E perciò anche il nome di «sistema» propriamente e in primo luogo conviene all’intervallo della proporzione doppia, diviso nei suoi sette intervalli emmeli, rappresentato nelle sue otto voci o corde, ed espresso negli strumenti, come vedremo nel Capitolo IX.

In quegli intervalli che superano l’ottava o diapason, multipli dell’ottava, la doppia ottava è detta solitamente in greco Δίς διἁ πασῶν, la tripla trisdiapason, e così a seguire. La diapason, o un suo multiplo, aggiungendo un eccesso, viene comunque espressa in altri casi, in questo modo: la quinta sopra l’ottava, o l’ottava sopra la quinta, diapaso- nepidiapente, o Διἁ πέντε ἐπί διά πασῶν. Talvolta continuiamo nella numerazione, chiamandole nona, decima, dodicesima, etc.

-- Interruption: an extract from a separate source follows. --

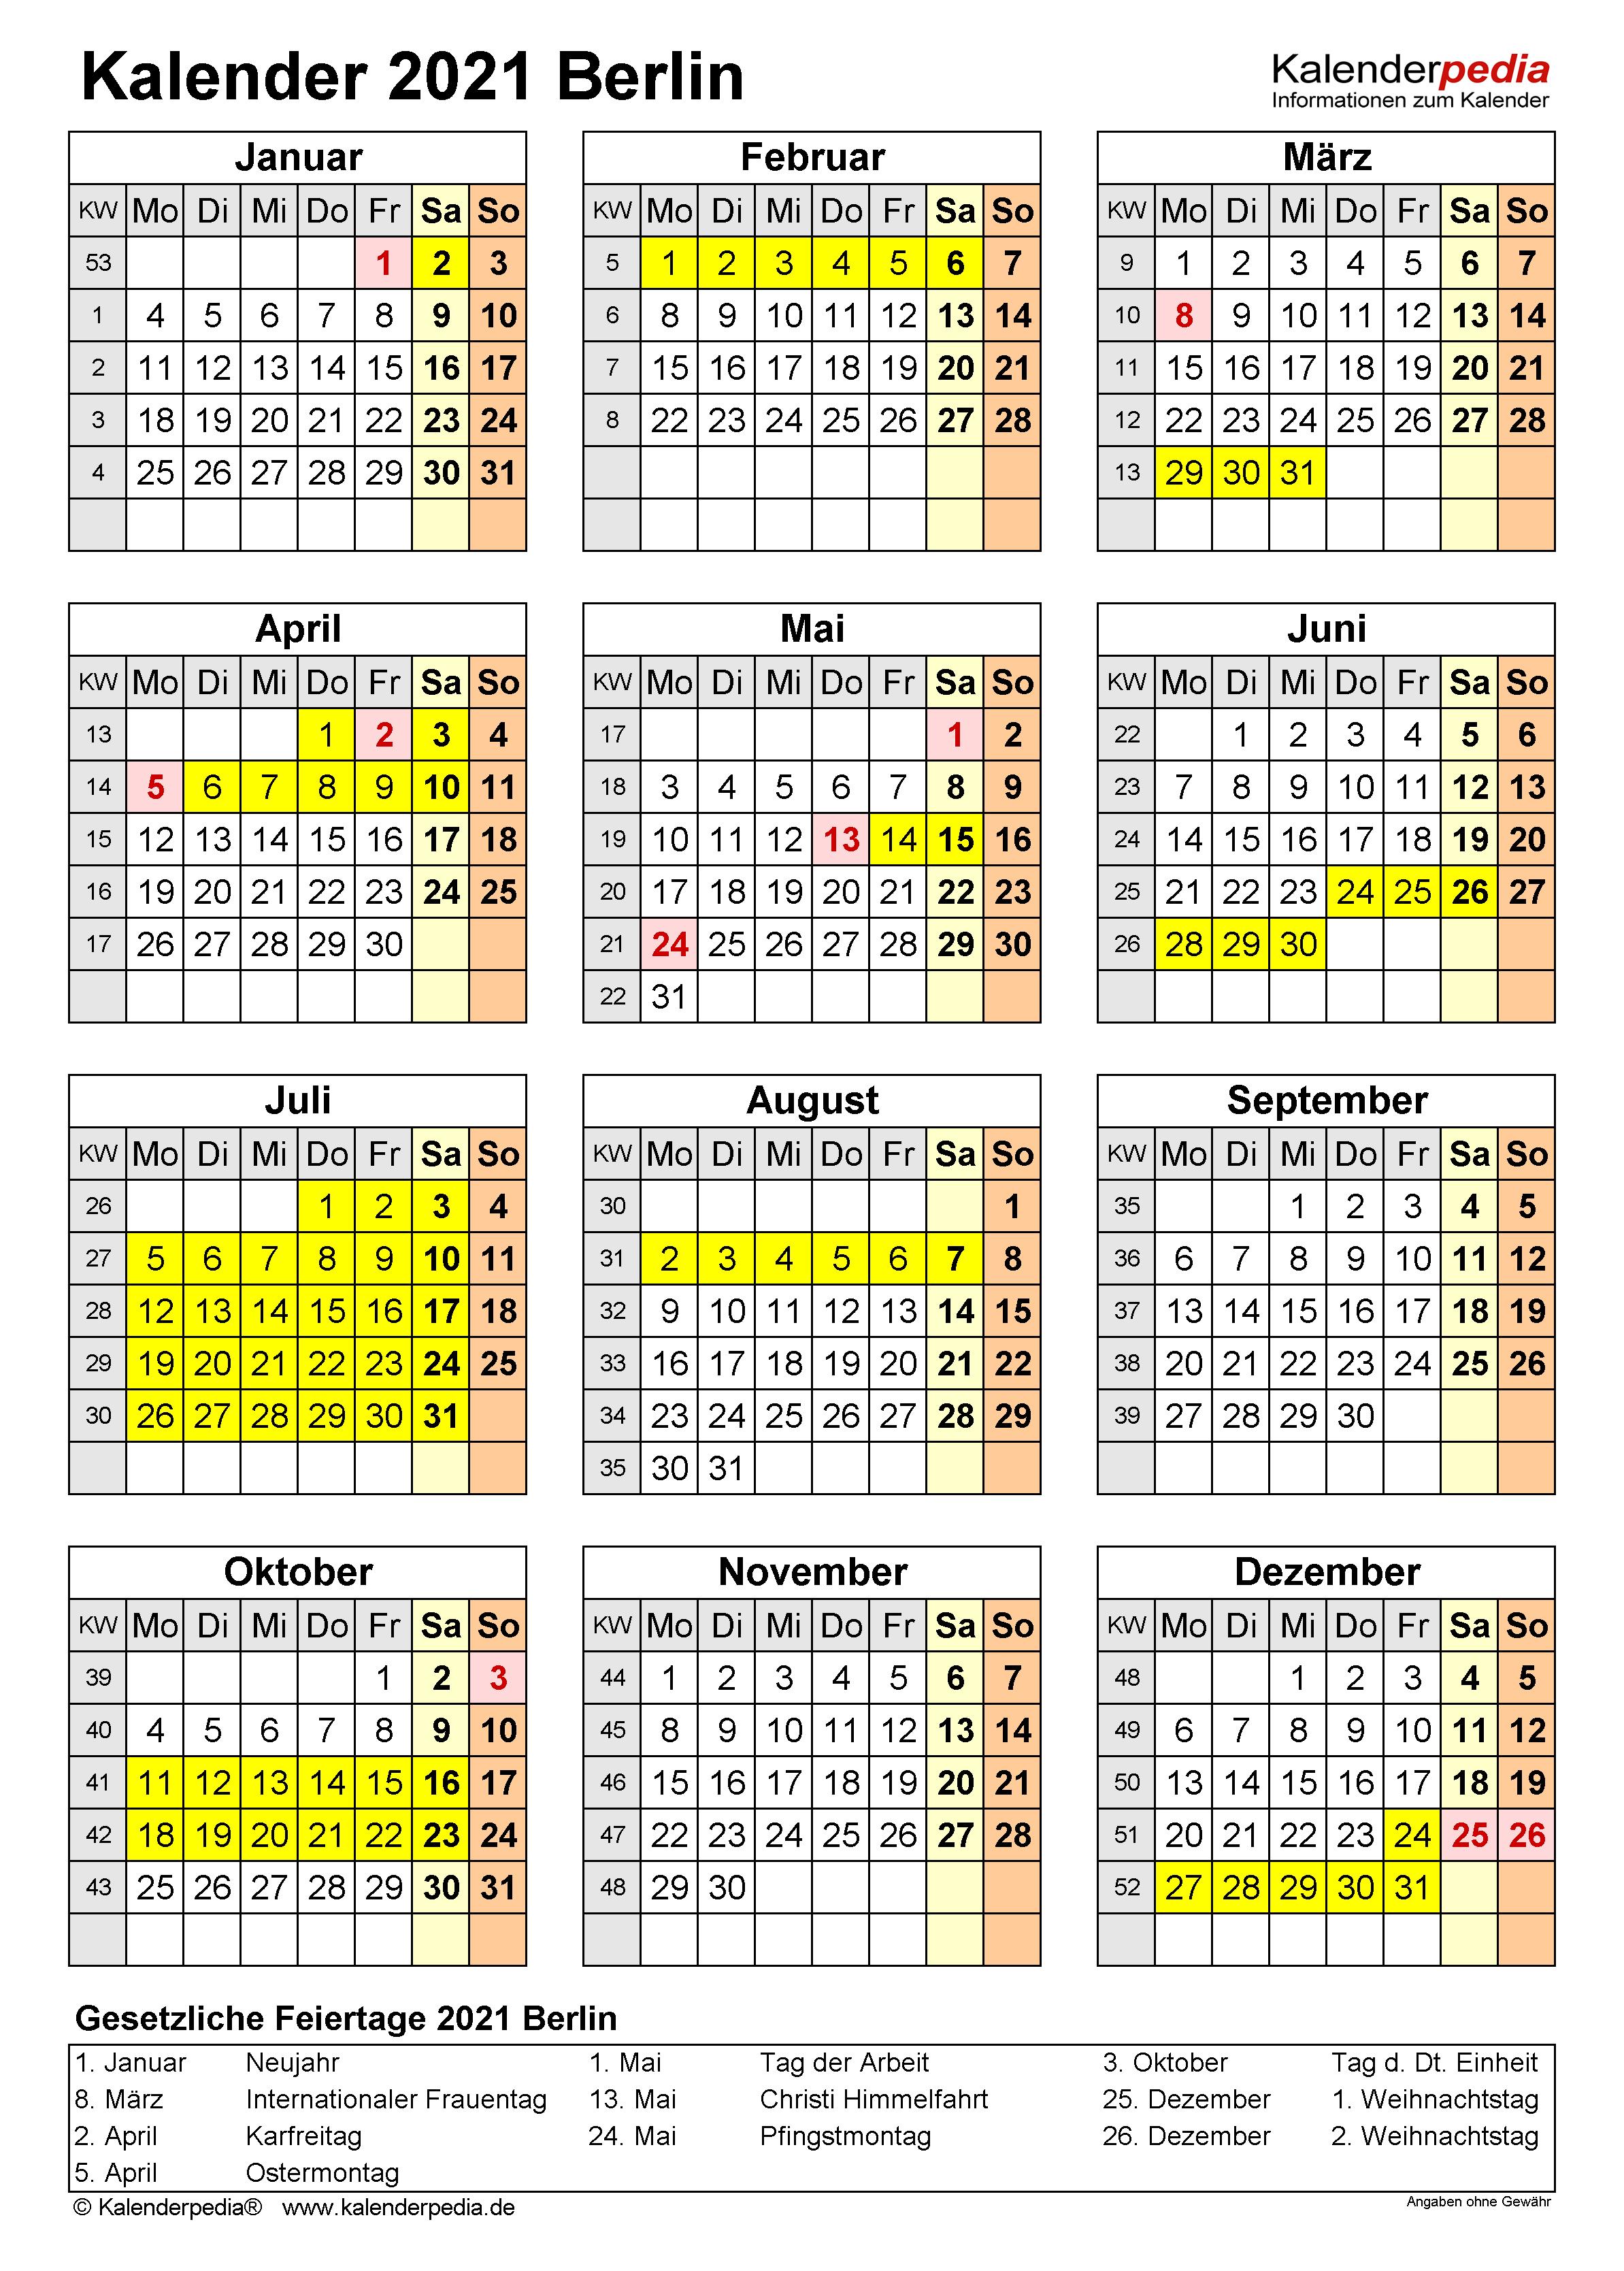 Kalender 2021 Berlin: Ferien, Feiertage, PDF-Vorlagen
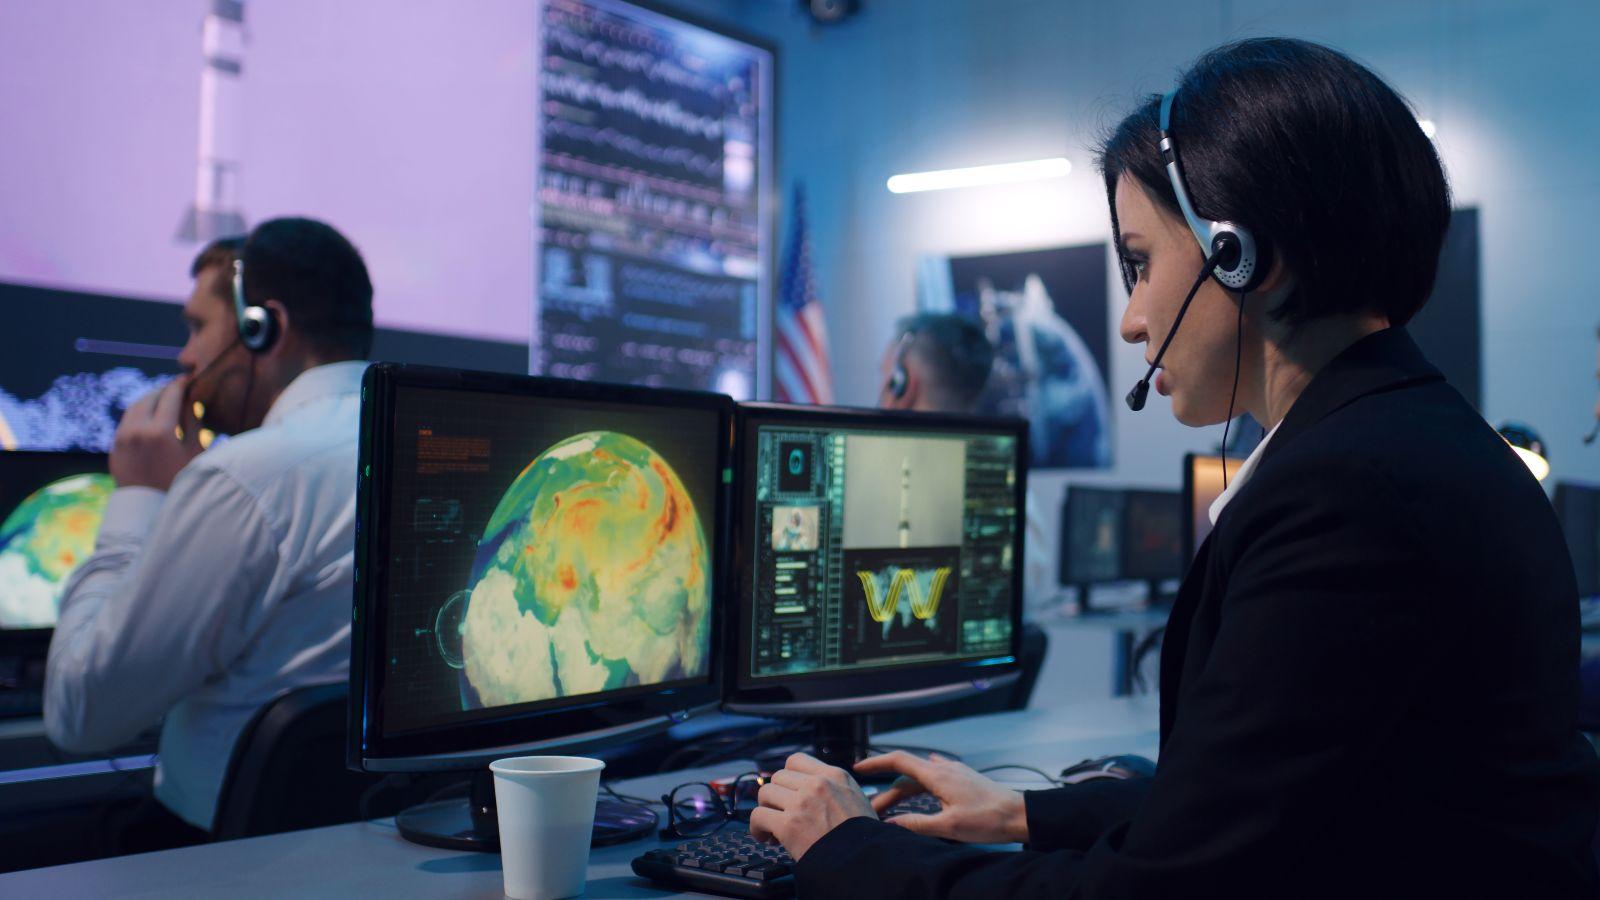 Eine Frau im Anzug und Headset sitzt vor einem Monitor auf dem die Erde vom Weltall aus betrachtet zu sehen ist. Im Hintergrund sitzt ein Mann vor einem Bildschirm.

Questa divisone degli intervalli consonanti in intervalli emmeli è dunque naturale, e questa grandezza e il numero degli elementi emmeli, non maggiore di tre, non poggia sulla sola assuefazione dell’orecchio, ma è piuttosto l’udito che li coglie per istinto na- turale; e non possono essere ammessi come intervalli emmeli, nei quali può esser divisa una qualsiasi consonanza, altri intervalli eccetto questi, o un altro numero di intervalli. Infatti, se per esempio si volesse aggiungere il diesis, in primo luogo esso è prole degli intervalli emmeli; in secondo luogo, se in particolar modo lo si volesse aggiungere da solo, non si potrebbe, poiché è prole anche delle consonanze, e trascinerebbe con sé il limma o il semitono minore, che è ha origine solamente dalle dissonanze. Ma la conseguenza naturale è che l’orecchio distingua il primo dalla prole delle consonanze, e, se ammessi tra gli intervalli cantabili, e tra i secondi intervalli, ripudi il secondo come spurio. Per cui anche il diesis non sarà tra gli intervalli principali dell’ottava.